Note that, generally speaking, larger massey_diffs are more likely to have a value of 1 while smaller massey_diffs are more likely to have a value of 0.

Now, the idea behind logistic regression is to fit a particular type of curve to this data. The algebraic form of the curve is something like so: \[f(x) = \frac{1}{1+e^{ax+b}}.\] Here’s an example of such a curve:

xs = np.linspace(-6,6,100)
ys = [1/(1+np.exp(-x)) for x in xs]
fig = plt.plot(xs,ys)

While this might all seem quite mysterious, the curve does have some nice properties from the point of view of probability:

  • It always returns a number between zero and 1 and
  • The greater the score difference the more confident we are.

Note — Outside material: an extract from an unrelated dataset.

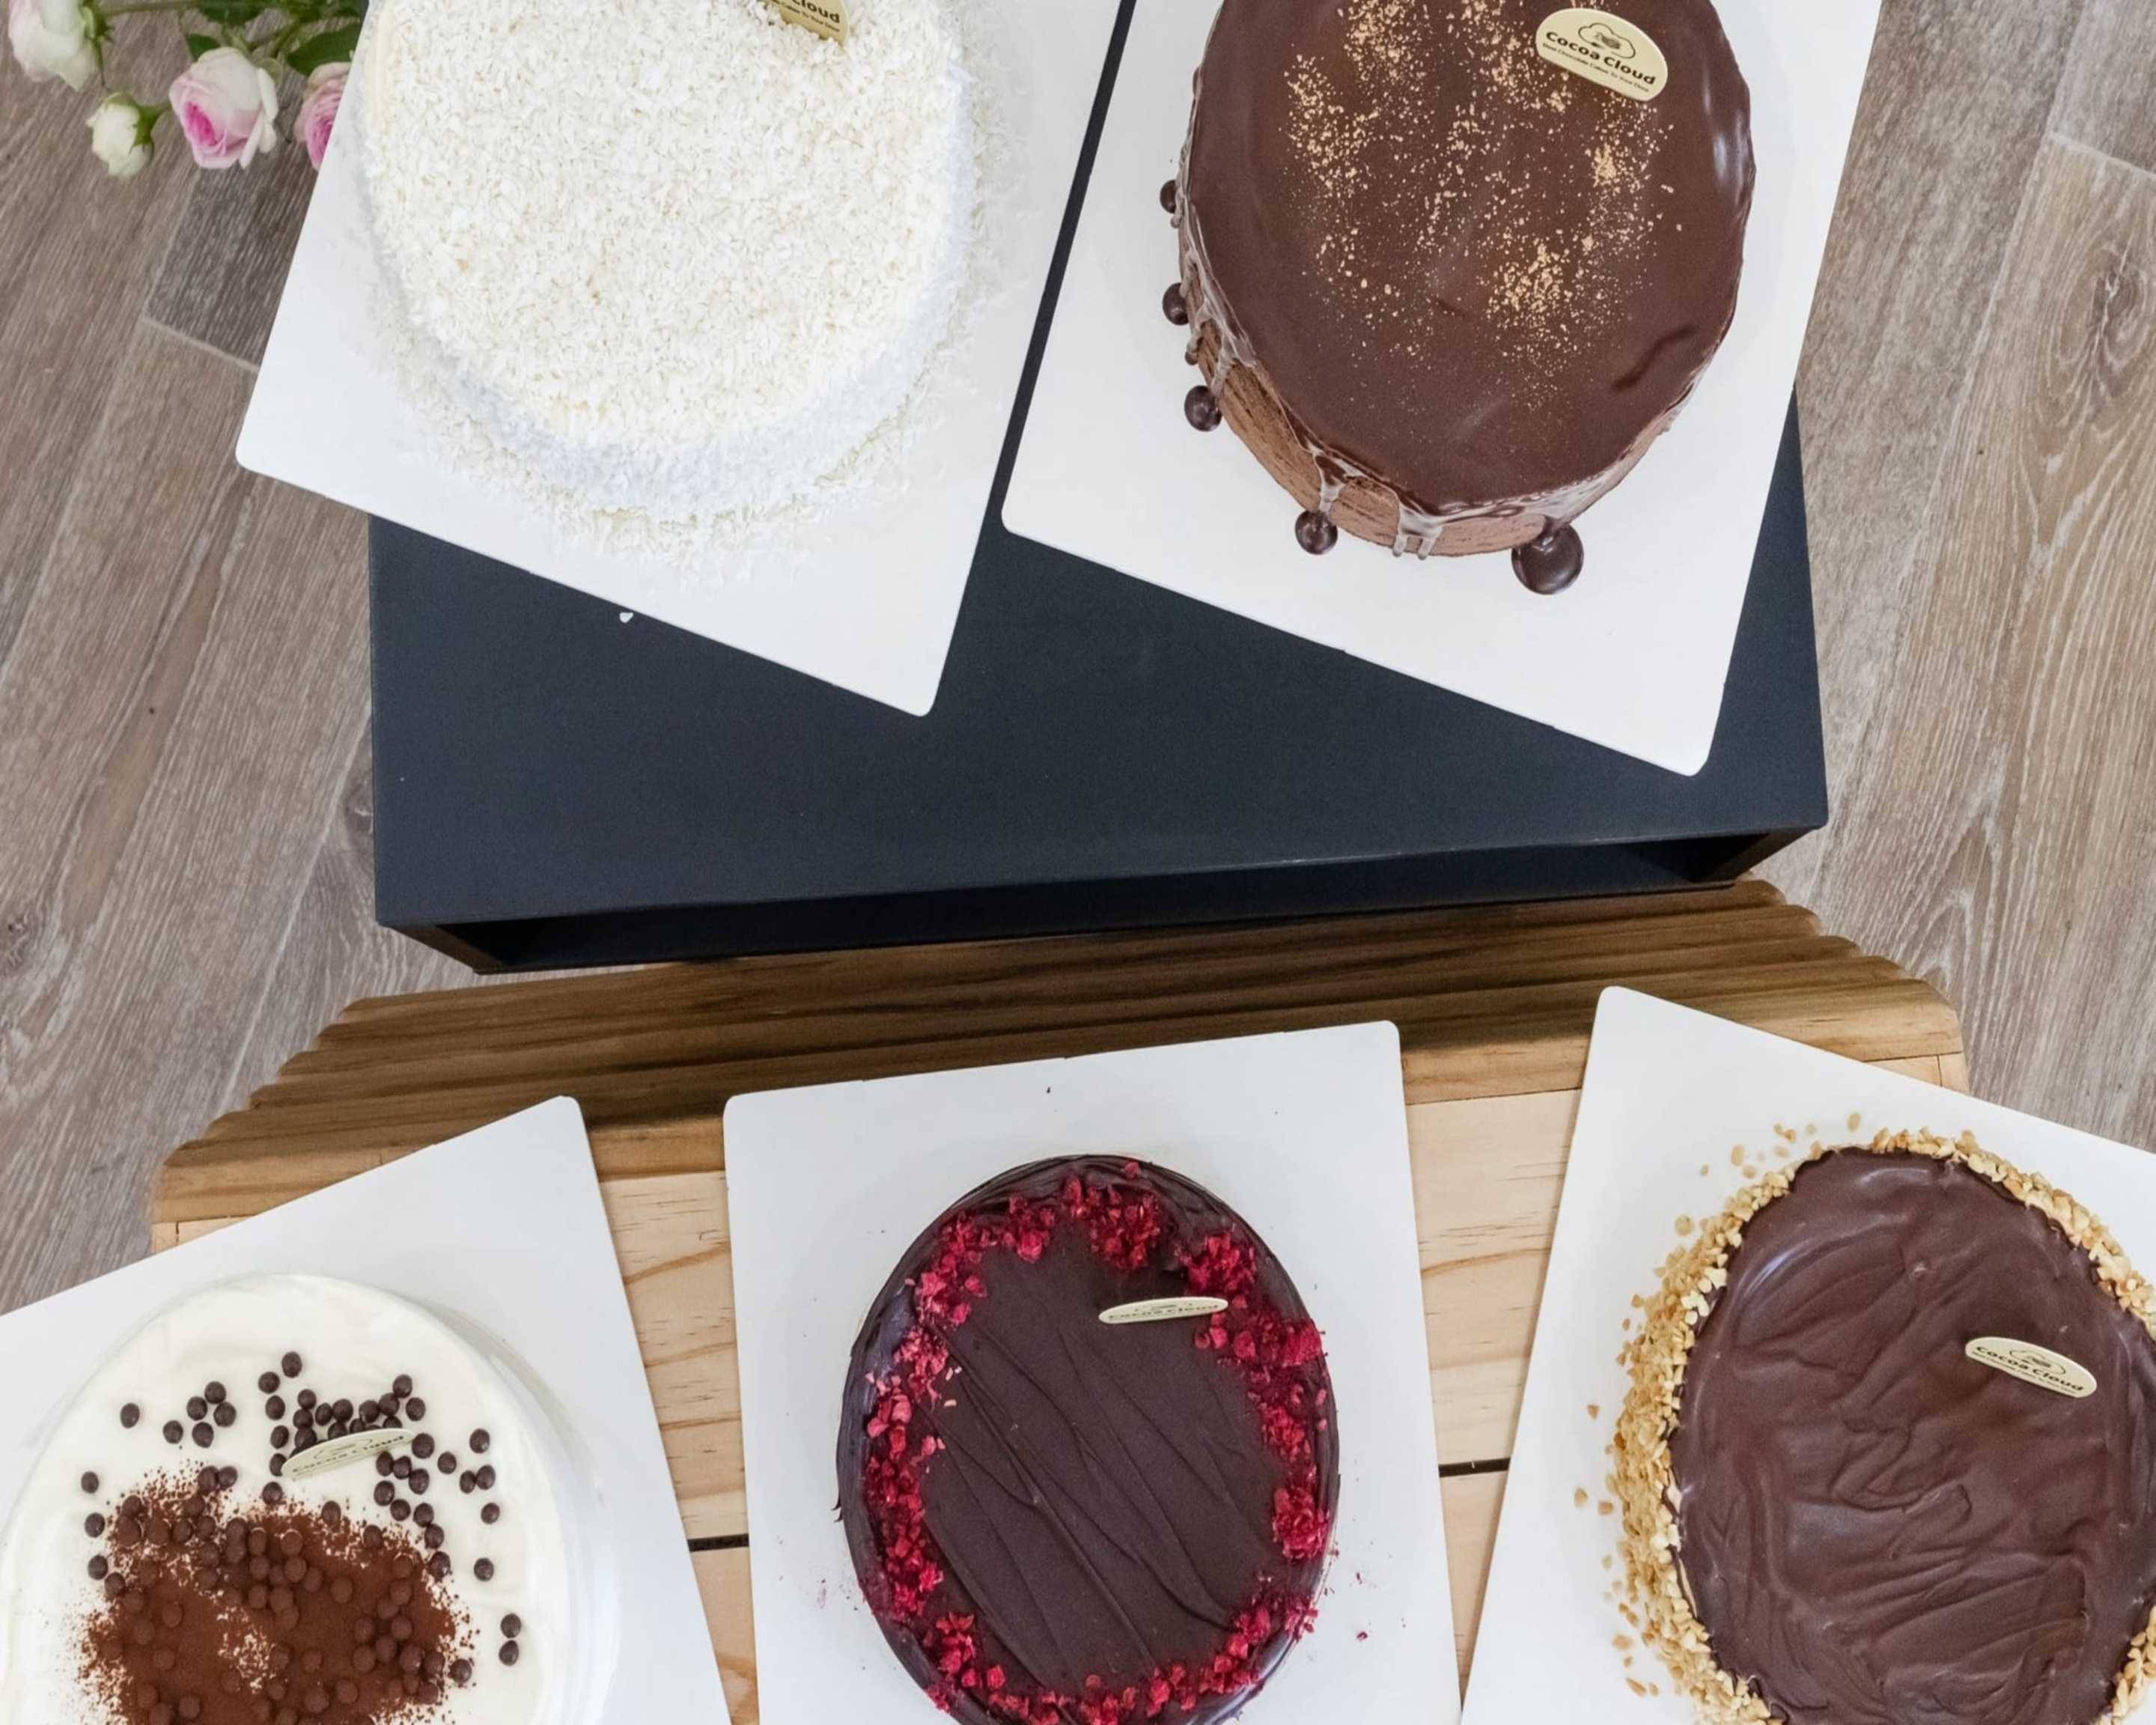 Find Auckland's Best Cakes & Cake Shops | HOTC

By fit, we mean we try to find values of the parameters \(a\) and \(b\) to minimize the total squared error. Of course, we ask a computer to do this for us! Here’s how:

logreg = LogisticRegression()
X = training_data[['massey_diff']].to_numpy()
Y = training_data.label.to_numpy()
In a Jupyter environment, please rerun this cell to show the HTML representation or trust the notebook.
On GitHub, the HTML representation is unable to render, please try loading this page with nbviewer.org.

Now, logreg can be used to make probabilistic predictions. Suppose one team has a Massey rating of 5 and another has a Massey rating of 15. Then, the logreg.predict_proba function can be used to compute the implied probability that team 2 beats team 1 as follows:

array([[0.25374749, 0.74625251]])

Thus, the probability is 0.746.

We can also see how the prediction curve fits with the data:

xs = np.linspace(-40,40,500)
ys = logreg.predict_proba([[x] for x in xs])
ys = [y[1] for y in ys]

plt.plot(training_data.massey_diff, training_data.label, 'ok', alpha=0.03)

Again, the idea is minimize the total least squared distance between the curve and the points and looks like this curve might do a reasonable job.

Of course, the idea is to apply this tool to the current 2024 season. Here are this years tournament teams, together with their Massey ratings:

seeds = pd.read_csv('https://www.marksmath.org/data/seeds2024.csv')
seeds.index = range(1,len(seeds)+1)
TeamName massey_rating
1 Houston 26.719731
2 Arizona 25.708375
3 Purdue 25.138448
4 Connecticut 25.080604
5 Auburn 23.691429
... ... ...
64 Stetson -4.132888
65 Montana St -4.205119
66 Howard -8.112068
67 Grambling -9.799923
68 Wagner -10.431391

68 rows × 2 columns

Note that both of North Carolina’s potential first round opponents, Howard and Wagoner, appear near the bottom. Let’s find UNC, who oughtta be in the top 10 at least:

TeamName massey_rating
1 Houston 26.719731
2 Arizona 25.708375
3 Purdue 25.138448
4 Connecticut 25.080604
5 Auburn 23.691429
6 Iowa St 23.380963
7 Tennessee 22.152318
8 Alabama 21.469345
9 North Carolina 21.359366
10 BYU 20.726570

So here’s our estimated probability that UNC would beat Howard:

logreg.predict_proba([[21.359366 - (-8.112068)]])
array([[0.03995772, 0.96004228]])

Thus, the model predicts that UNC has 96% chance of winning that game, which seems a bit low but not totally crazy either.

Final comments

While our prediction for UNC over Howard is not as confident as it should be, don’t forget that this is the first most basic attempt machine prediction in machine learning. There’s a lot more that can be done with logistic regression. Perhaps, the biggest thing is that it can take more variables into account, like

  • Other numeric data such as
    • Win/loss percentages,
    • Offensive/defensive efficiency metrics
    • Difference between seed numbers
    • Other rating systems
  • Categorical data such as conference

If we simply add conference and seed difference as variables, then we would expect our prediction that UNC (a 1 seed in the ACC) should beat Howard (a 16 seed in the MEAC) would improve greatly.

To verify this, the typical work flow breaks the historical data up into training data and testing data so that we gauge how well the algorithm works. SciKit Learn provides an automated pipeline for this purpose. SciKit Learn also provides a workflow for Neural Networks with a consistent command structure.